*EXTRACTED ENTRIES*:
---*---

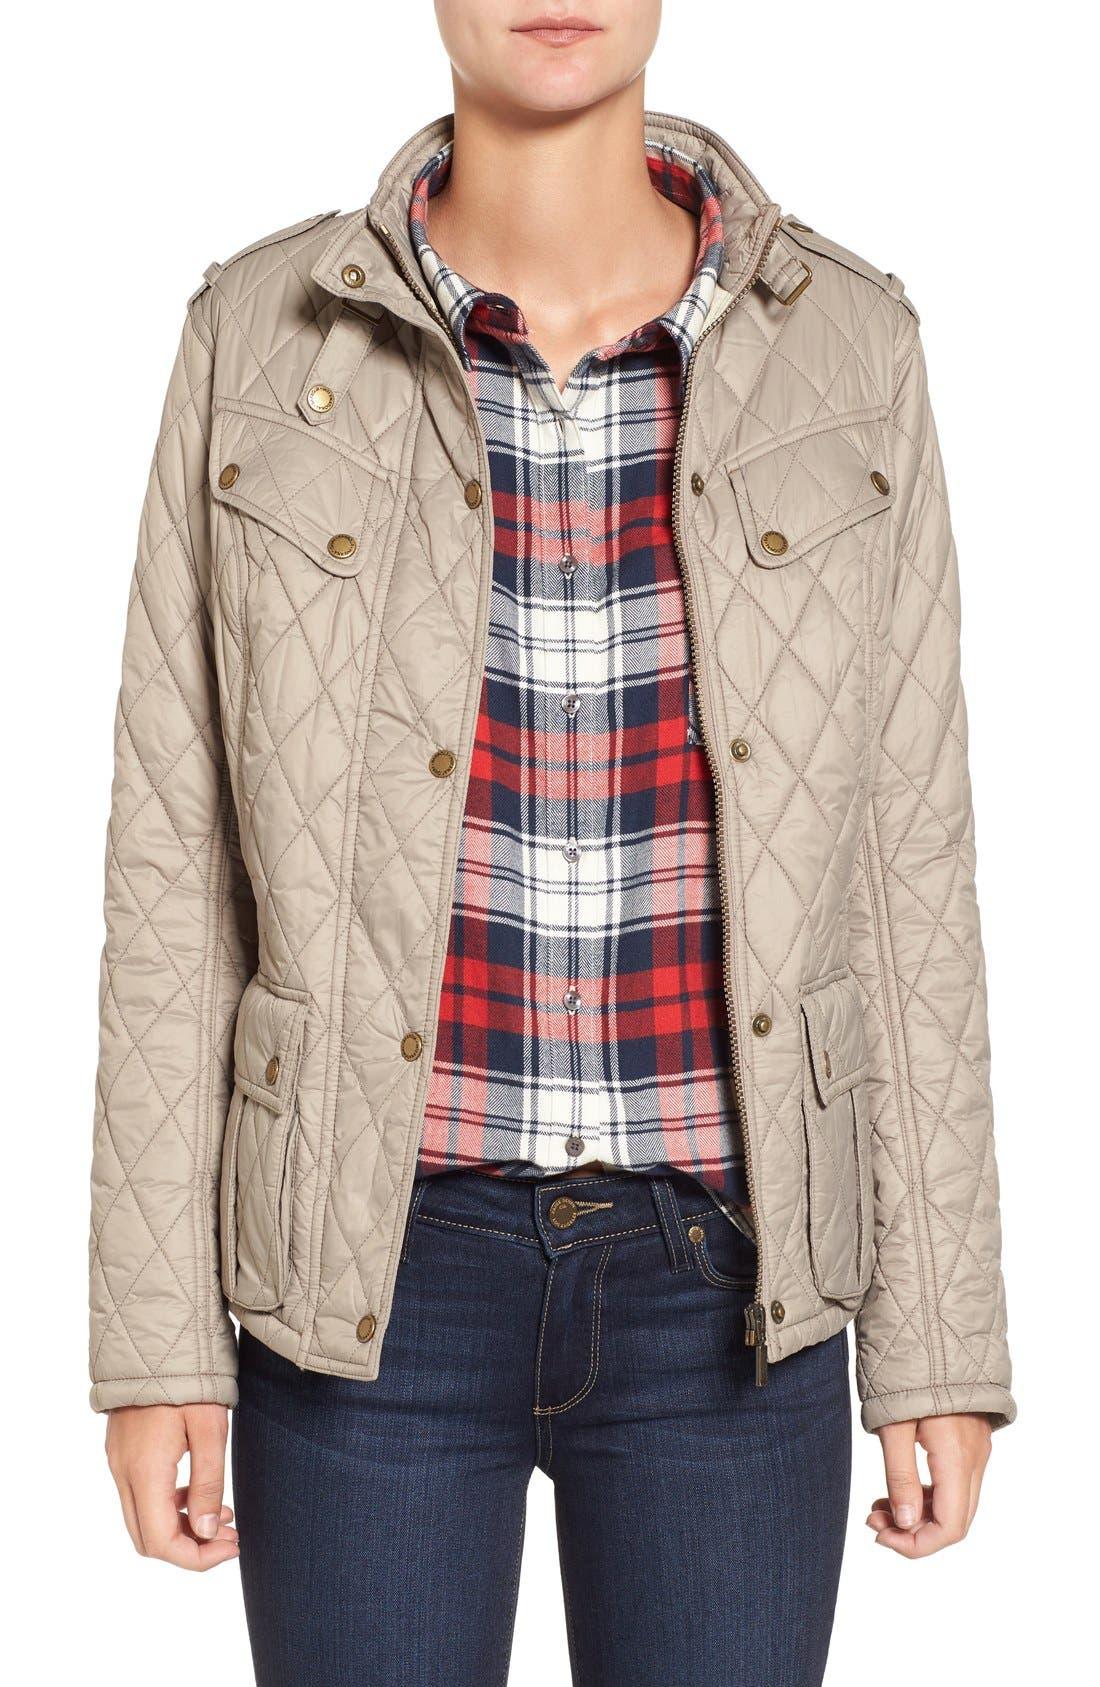 Alternate Image 1 Selected - Barbour International Caster Quilted Jacket
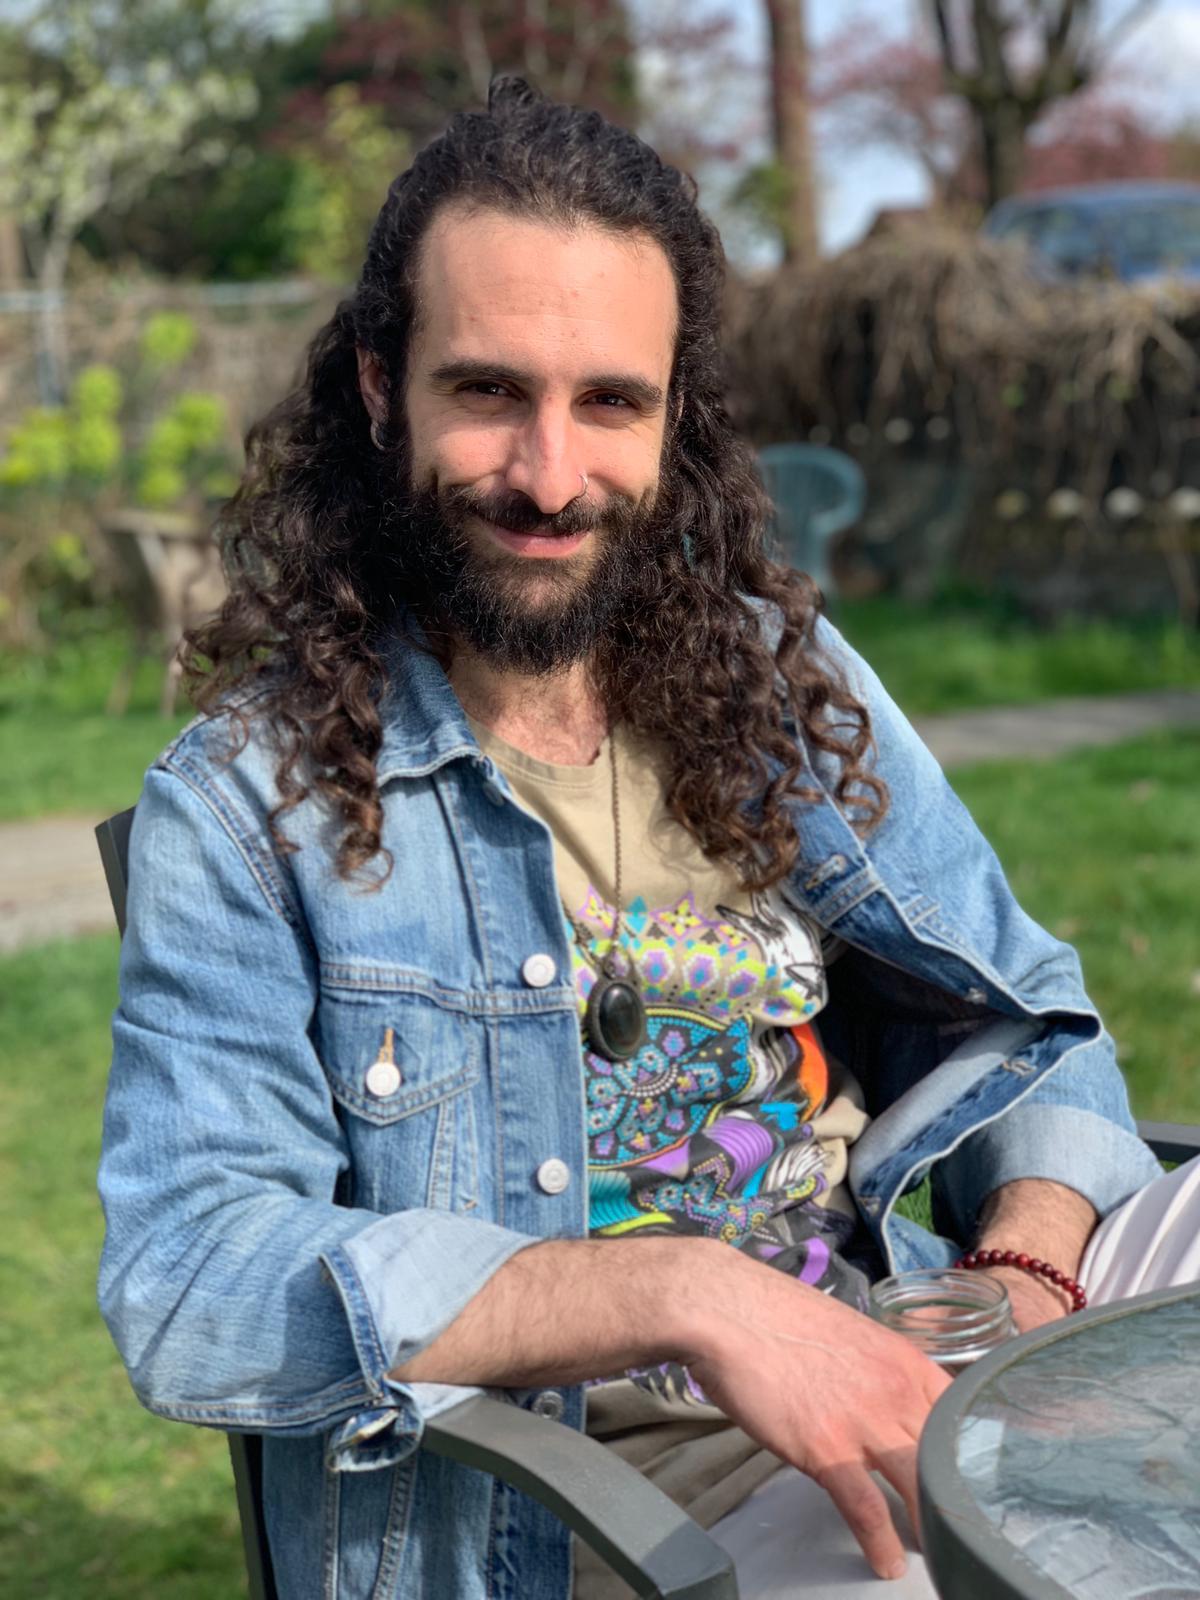 Fabian Frangipane: B.Sc Psychology & Philosophy, Dip. Counselling., Certified Yoga Teacher
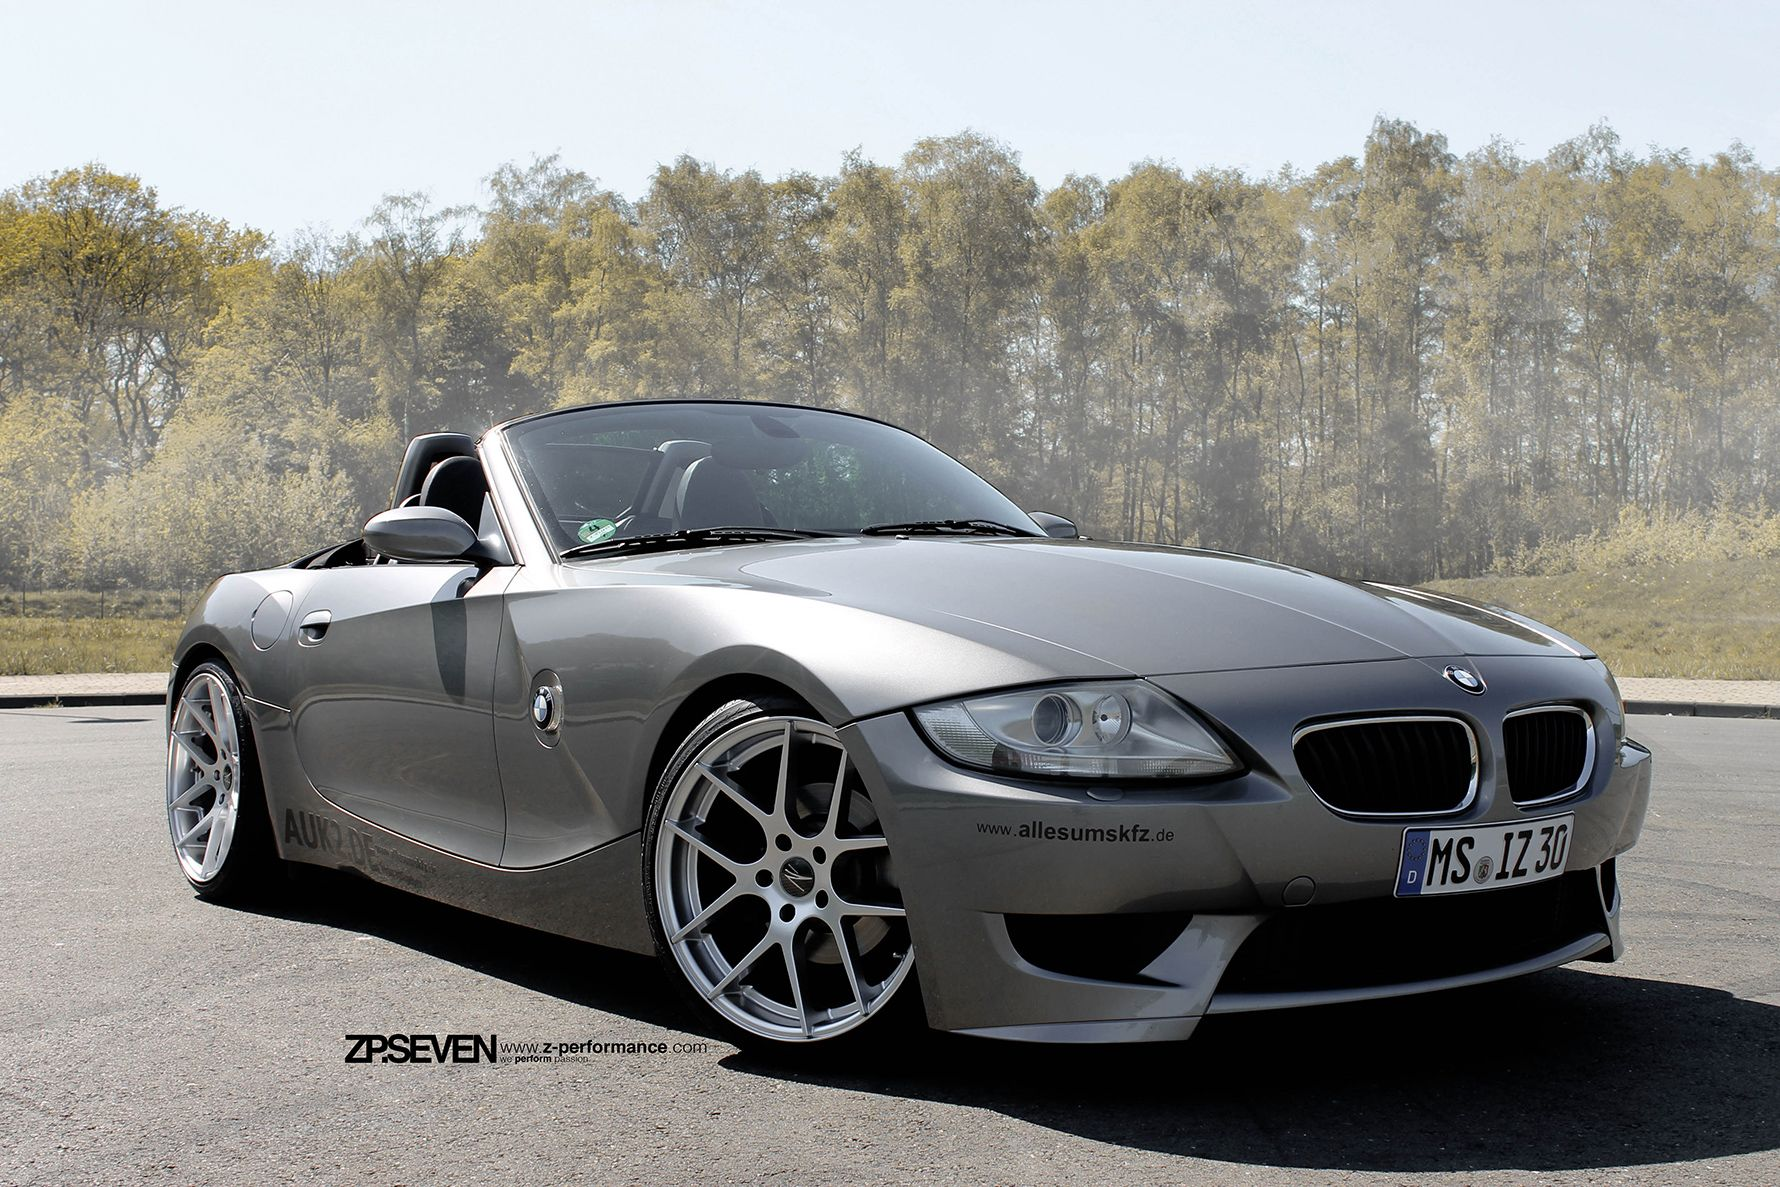 hight resolution of z performance zroadster com bmw z1 z2 z3 z4 z8 m mini roadster coupe
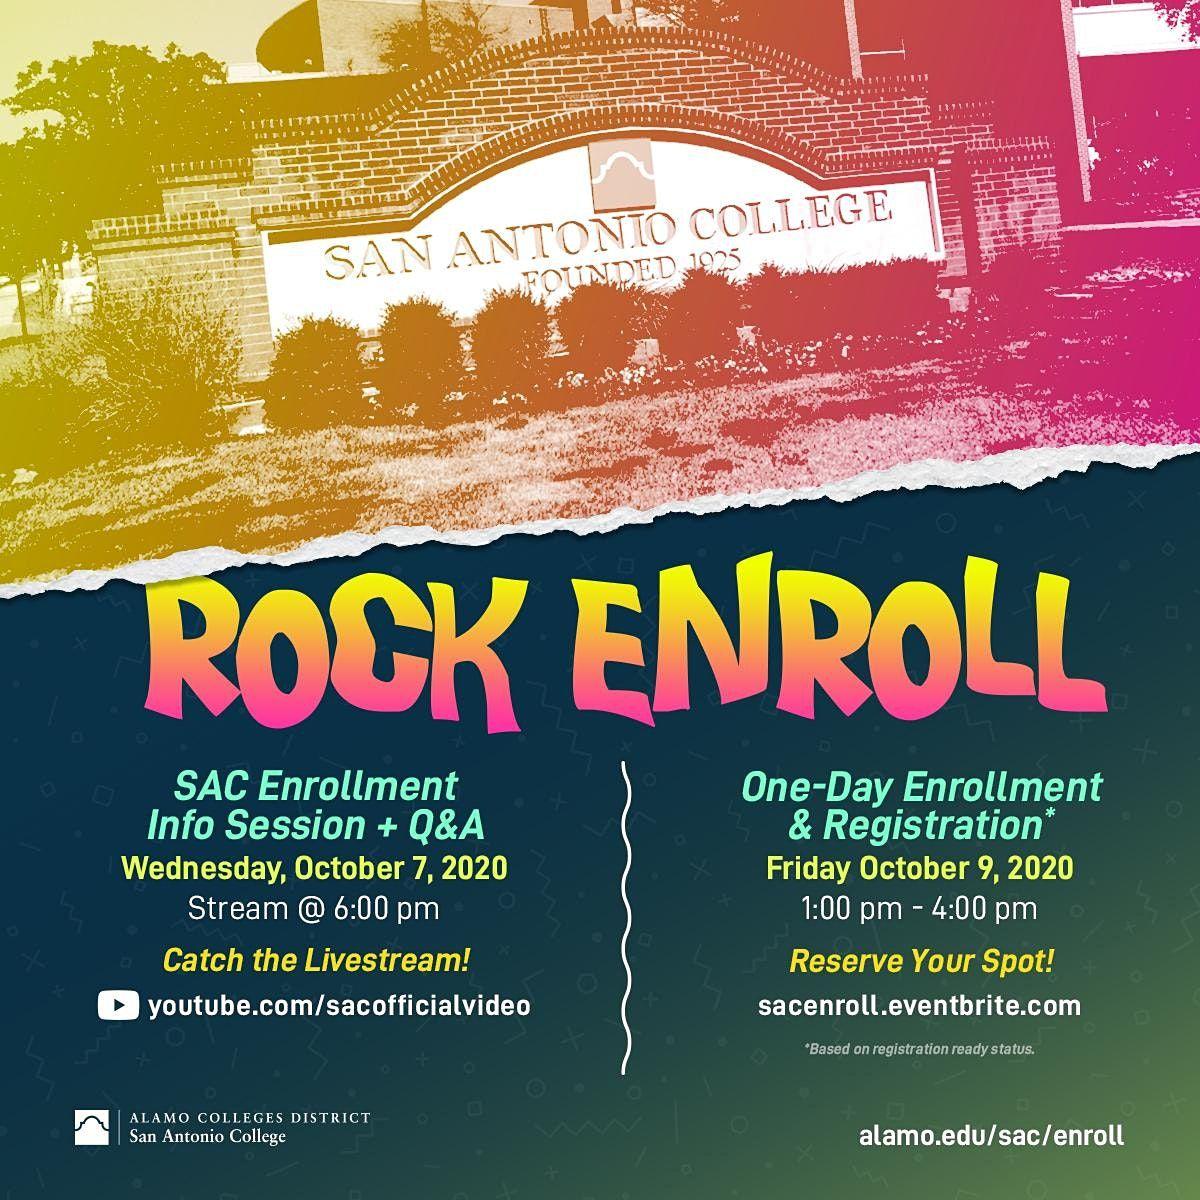 San Antonio College VIRTUAL & ON CAMPUS RALLY
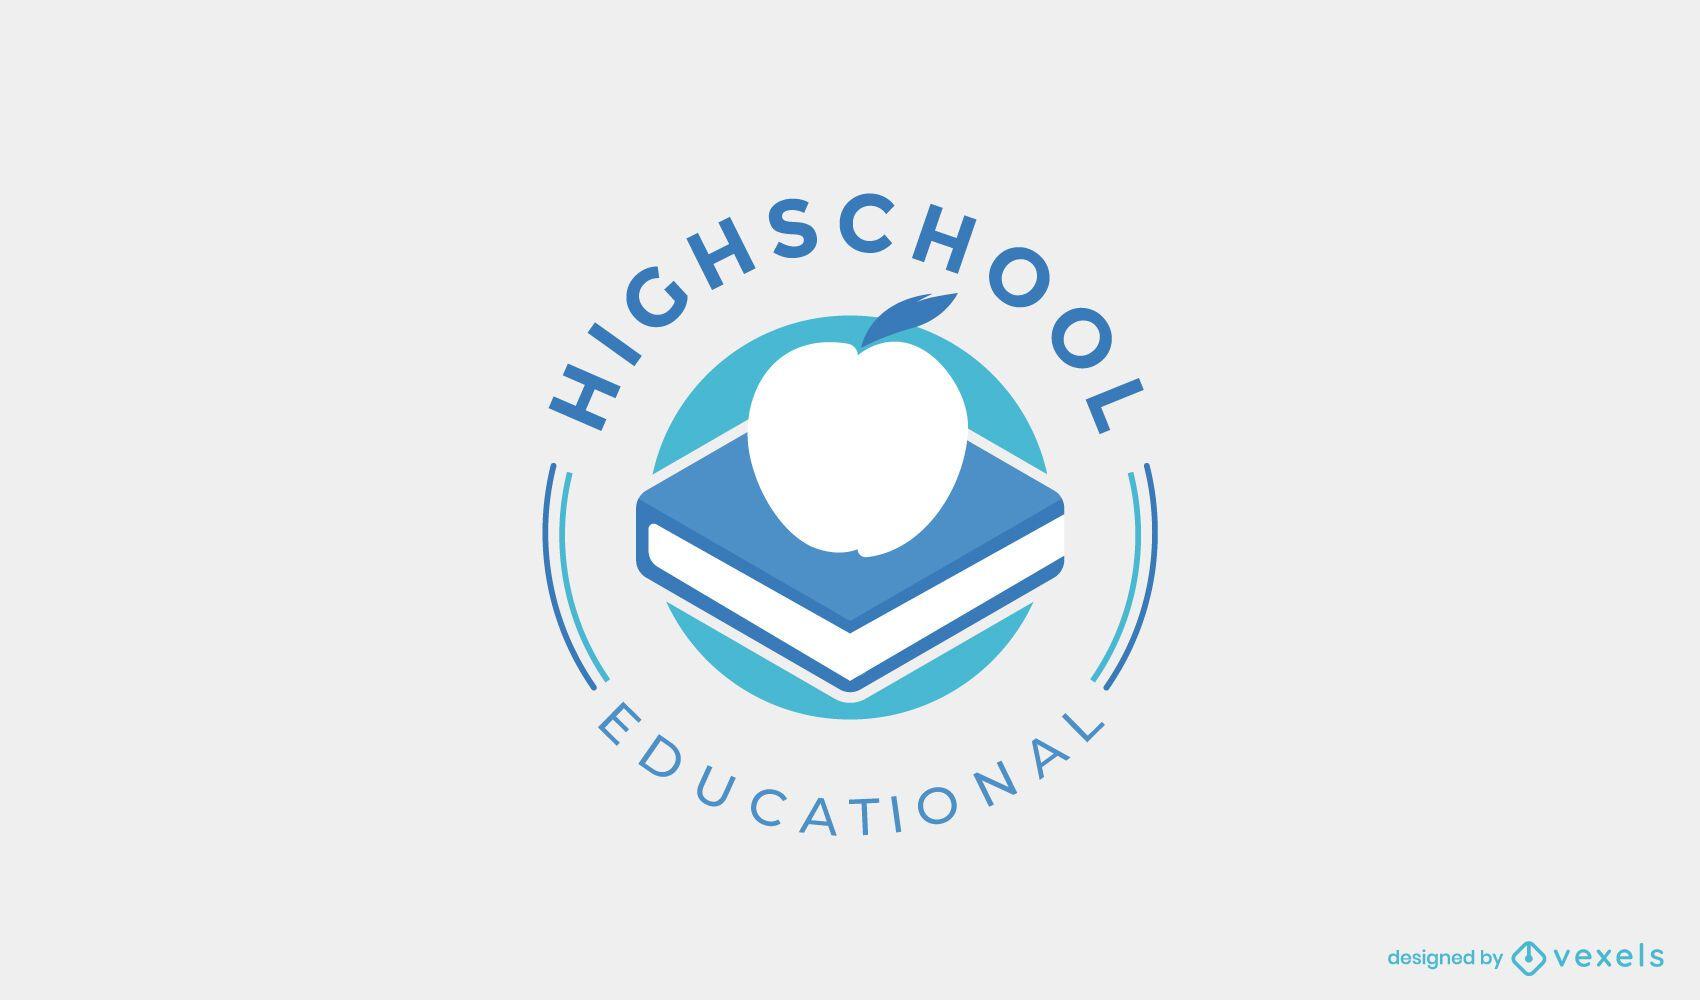 Highschool Library Logo Design

---*---

*WHAT NEEDS TO BE DONE*: Output the material word for word, and keep the pictures out.

*REPLY*:
 Alternate Image 1 Selected - Barbour International Caster Quilted Jacket
 Fabian Frangipane: B.Sc Psychology & Philosophy, Dip. Counselling., Certified Yoga Teacher
 hight resolution of z performance zroadster com bmw z1 z2 z3 z4 z8 m mini roadster coupe
 San Antonio College VIRTUAL & ON CAMPUS RALLY
 Highschool Library Logo Design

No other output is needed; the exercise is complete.